A polyurethane film has also been proposed to protect Li metal anode from interface destabilization derived from the crossover of water [33]. Sun et al. have prepared a protective layer by mixing polydimethylsiloxane (PDMS) and perfluorotributylamine (FTBA), which limits the diffusion behavior of water molecules [51]. Accordingly, the established dense and firm protective layer would hamper the water-related issues [6,52]. However, the preparation processes for the above-mentioned protective layer are complicated or expensive, which are difficult to achieve widespread application. Additionally, even though the fabricated protective layer exhibits hydrophobicity, it is still challenging to ensure the stable operation of Li-O₂ batteries under high humidity conditions.

Herein, with the aim to enable Li-O₂ battery operating in humid atmosphere, a facile and scalable strategy has been proposed to overcome the water-related issues, in which a water-defendable protective layer is artificially fabricated via the chemical reaction between Li anode and ibuprofen. Owing to the characteristic molecular structure of ibuprofen (the alkyl and phenyl groups are hydrophobic while the carboxyl group is lithophilic), the designed protective layer can be uniformly fabricated on the Li anode surface to resist water ingress. Therefore, the Li-O₂ battery with the protected Li anode exhibits a long life span of 210 h in a humid O₂ environment with relative humidity (RH) as high as 68%. As a proof of concept, the obtained findings have provided a feasible strategy to construct water-proof Li anodes for the further development of Li-air battery in ambient air.

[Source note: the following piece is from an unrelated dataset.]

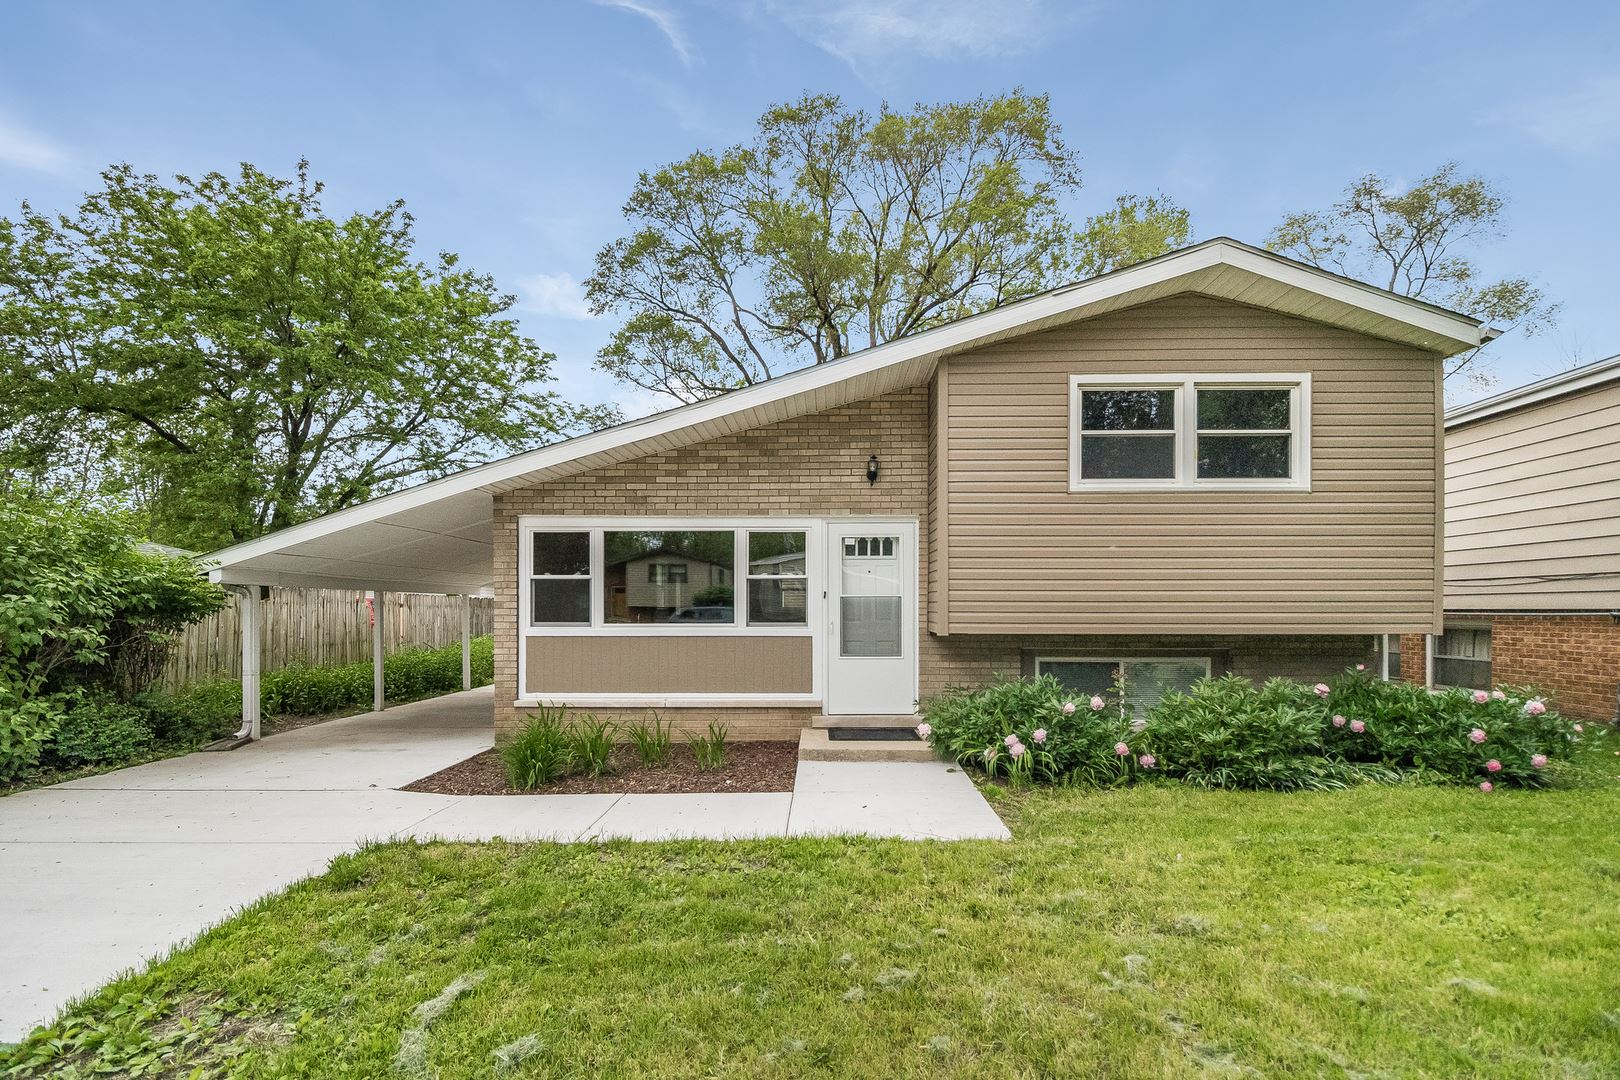 2217 Saint Francis Avenue, Joliet, IL 60436 - #: 10733553

Comparing to the other compounds with the functional group of benzoic acid, the molecular structure of ibuprofen contains alkyl groups, emerging higher hydrophobicity. In addition, the insolubility of ibuprofen in organic solvent (triethylene glycol dimethyl ether, TEGDME) has been confirmed before it is used as protective layer (Fig. S1 in Supporting information). The schematic of the Li-O₂ battery with a protective layer operating in humid O₂ atmosphere is illustrated in Scheme 1b. Ibuprofen, whose molecular structure is shown in a schematic diagram, has been reported to be almost insoluble in water [53]. Based on the chemical reaction of Li and ibuprofen, the protective layer is formed spontaneously on the surface of Li metal anode. The involved reaction is listed as Eq. 1:

The above reaction could be demonstrated by Fourier transform infrared spectroscopy (FTIR), as depicted in Fig. 1a. The presence of unsaturated C—H bonds in phenyl corresponding to strong and wide absorption peak at around 3000 cm⁻¹, as well as C═C bonds at the fingerprint region, is found for both the pristine ibuprofen reagent (blue line) and the newly-formed protective layer (green line). After reaction with Li metal, as clearly observed in the enlarged region, the characteristic absorption peak at 1720 cm⁻¹ (blue line) has been red-shifted to 1580 cm⁻¹ (green line), which could result from conversion from carboxylic acid group to carboxylate ion [54]. Therefore, the in-situ formation of the protective layer is viable due to the spontaneous chemical reaction of ibuprofen reagent and Li anode. The morphology of the in-situ formed protective layer is characterized by scanning electronic microscope (SEM). It can be observed that in comparison with a smooth surface for the pristine Li anode (Fig. 1b), the protective layer newly-formed on the Li metal surface is composed of interlaced nanorod-shaped deposits with the length of approximately 1 µm (Fig. 1c). The result of energy dispersive spectroscopy (EDS) elemental mapping shows that the protective layer is composed of C and O with uniform distribution (Fig. 1d). Additionally, a textured surface structure can also be identified in the corresponding cross-sectional image and the thickness of the protective layer is measured as ~30 µm (Fig. S2 in Supporting information). Actually, the thickness of the protective layer can be increased by increasing the amount of ibuprofen reagents (Figs. S3a-c in Supporting information), which is corresponding to the growth of the resistance in Li-O₂ batteries (Fig. S3d in Supporting information). Although the lowest impedance has been exhibited by the Li-O₂ battery with protective layers of 20 µm thickness, it can be found the inferior waterproof of that due to its poor density on Li metal surface. These results could further confirm the uniform deposition of protective layer through the utilization of ibuprofen reagent.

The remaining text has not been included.